The correlation between VHL expression and Twist1 activation in HB tissues. (A) demonstrated that twist1 was over-expressed in VHL-negative HBs tissues (A3 and A4) compared with VHL-positive HBs tissues (A1 and A2) (Magnification × 400, bar = 50 μm). (B) Statistical analysis was performed using unpaired Student’s t test, *P < 0.05. IF results (C) revealed that Twist1 and CD34 were co-expressed in a small subset of cells in HBs tissues (Magnification × 400, bar = 50 μm). White arrows indicate the co-expressed cell.
Discussion
Here we describe a distinct, VHL silencing-driven mechanism that provides recognition of vascular formation in human endothelial cells. These modified cells had enhanced potential of neovasculars by means of increasing cell proliferation and decreasing cell apoptosis, concomitant with facilitating accumulation of Twist1 protein in vitro. Importantly, this molecular mechanism is also identified in human HB tissues, and is associated with the process of HB-neovascularization. In contrast with recent studies of HB-neovascularization9,10,11,12, these modified cells did not endow with the typical features of vasculogenesis, indicative of that this is a common angiogenesis implementing the formation of the vascular network.
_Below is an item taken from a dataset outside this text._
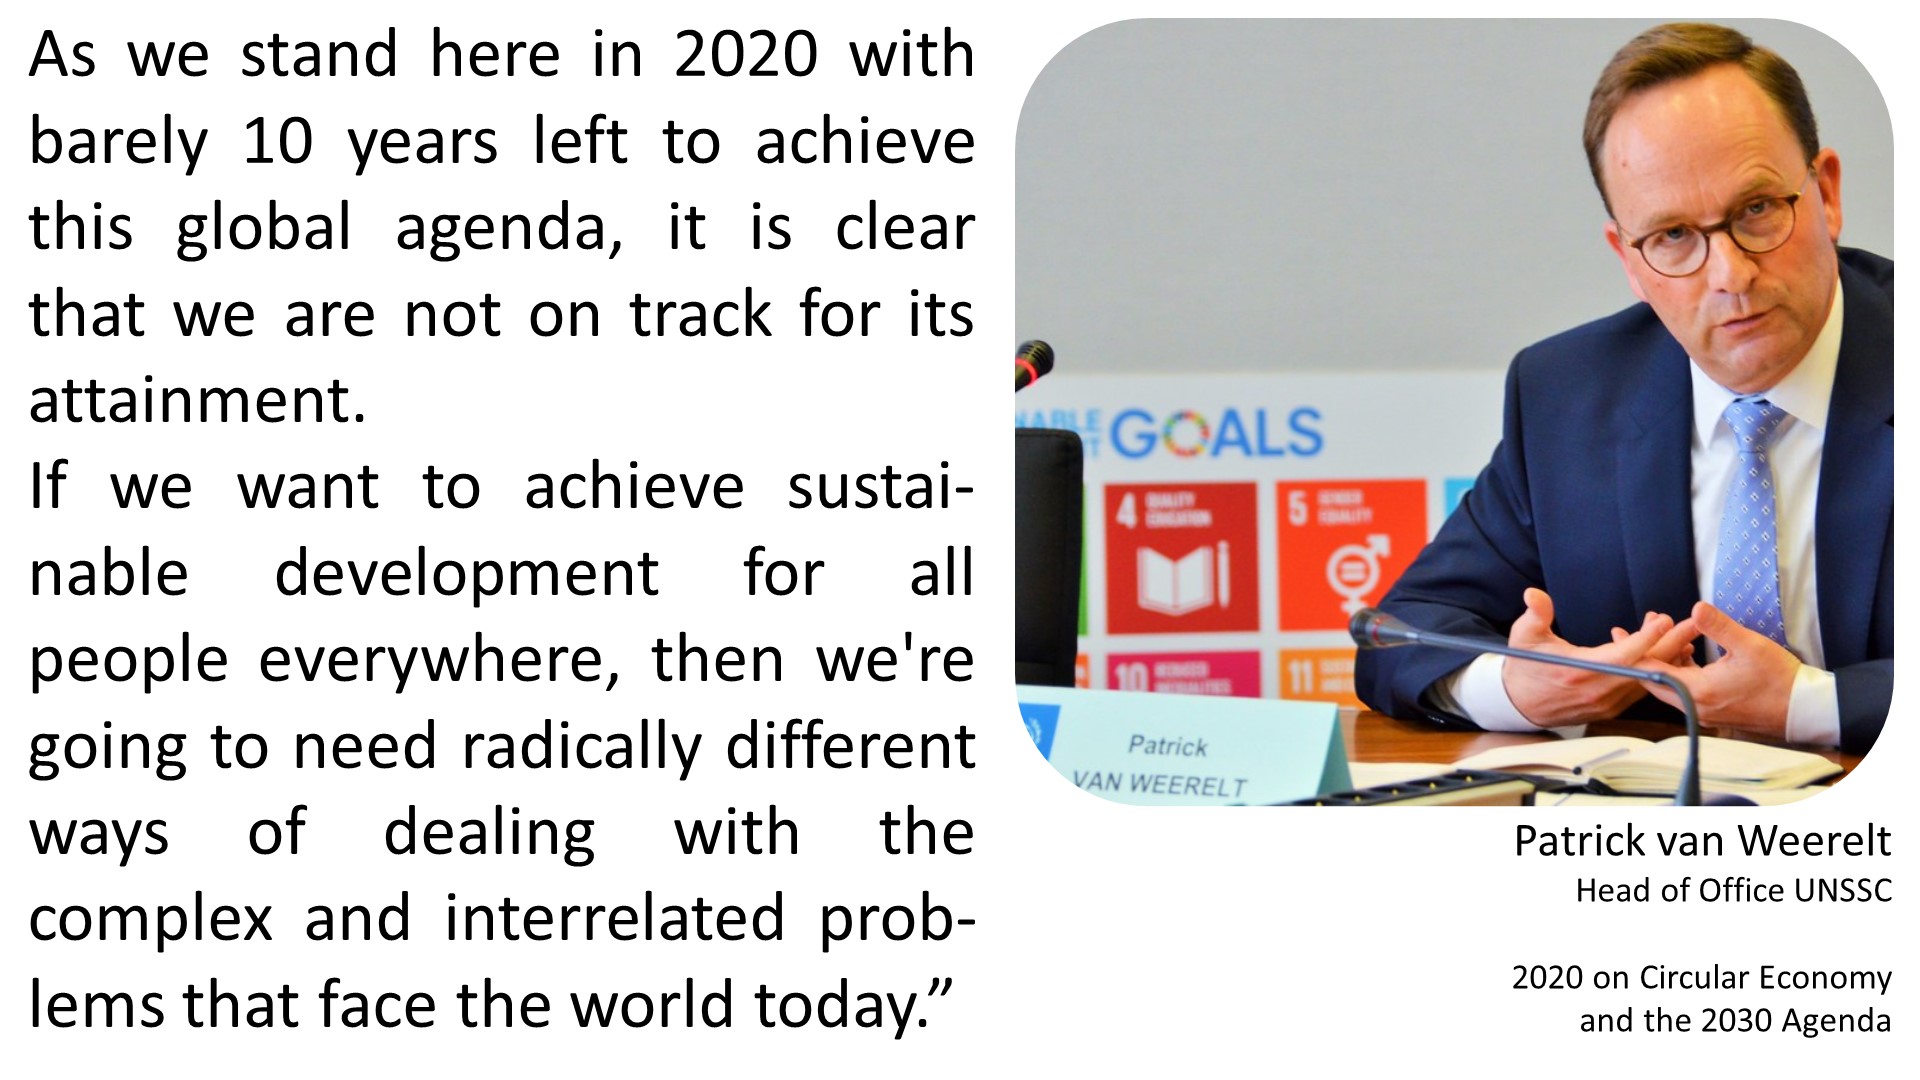 As we stand here in 2020 with barely 10 years left to achieve this global agenda, it is clear that we are not on track for its attainment.

Tumors (solid neoplasms) are now recognized as organ-like tissues with extreme complexity7,8,9, 12, 26, and need to develop vascular network by supplying the tumor cells with vital nutrients and oxygen as well as disposing of metabolic wastes27. For the highly vascularized CNS-HBs, the exploration of the cytological initiation and its neovascular process not only has significance in their aetiology, but also provides potential insights into HBs’ anti-vascular treatment. However, this classic and predominant angiogenesis by sprouting and proliferation of endothelial cells from local vessels in CNS-HBs has been already questioned. With this regard, we hypothesize that human endothelial cells could act as a vascular origin cell of HB-neovascularization. By RNA interference for these cells in a manner analogous to the VHL-deficient vascular cells identified in areas of HBs, We found that they did not express a variety of specific phenotypic genes and the characteristic biological markers of HB-neovascularization, such as SCL, brachyury, Flk-1, SSEA1 and CD417,8,9, 12, although these cells also showed elevated potential of neovascularization by means of increasing cell proliferation and decreasing cell apoptosis during the process of in vitro tube formation. Together with the observation that VHL-deficient mice embryonic cells obviously increased vasculogenesis28, 29, this data indicated that human endothelial cells might not dedifferentiate into and serve as the origin cells of HB-neovascularization.
Due to lack of cell lines and animal models of CNS-HBs, the research on process of initiation and development of HB-neovascularization become extremely difficult. It is widely accepted that mutation of the VHL gene is a frequent genetic event in the carcinogenesis of the highly vascularized HBs16, and the inactivation of the VHL function has been showed to be involved in the pathogenesis of both familial and most sporadic HBs30, 31. In this study, we show that reduction of VHL expression by specific shRNA in human endothelial cells leads to elevated angiogenic activity in vitro. Interestingly, the enhanced angiogenic response to accumulation of Twist1 protein, a novel VEGF/BFGF-independent VHL functions in the endothelium32, 33. Thus, partial loss of function of VHL in endothelium may be a contributing factor in tumor angiogenesis through a VEGF-independent mechanism.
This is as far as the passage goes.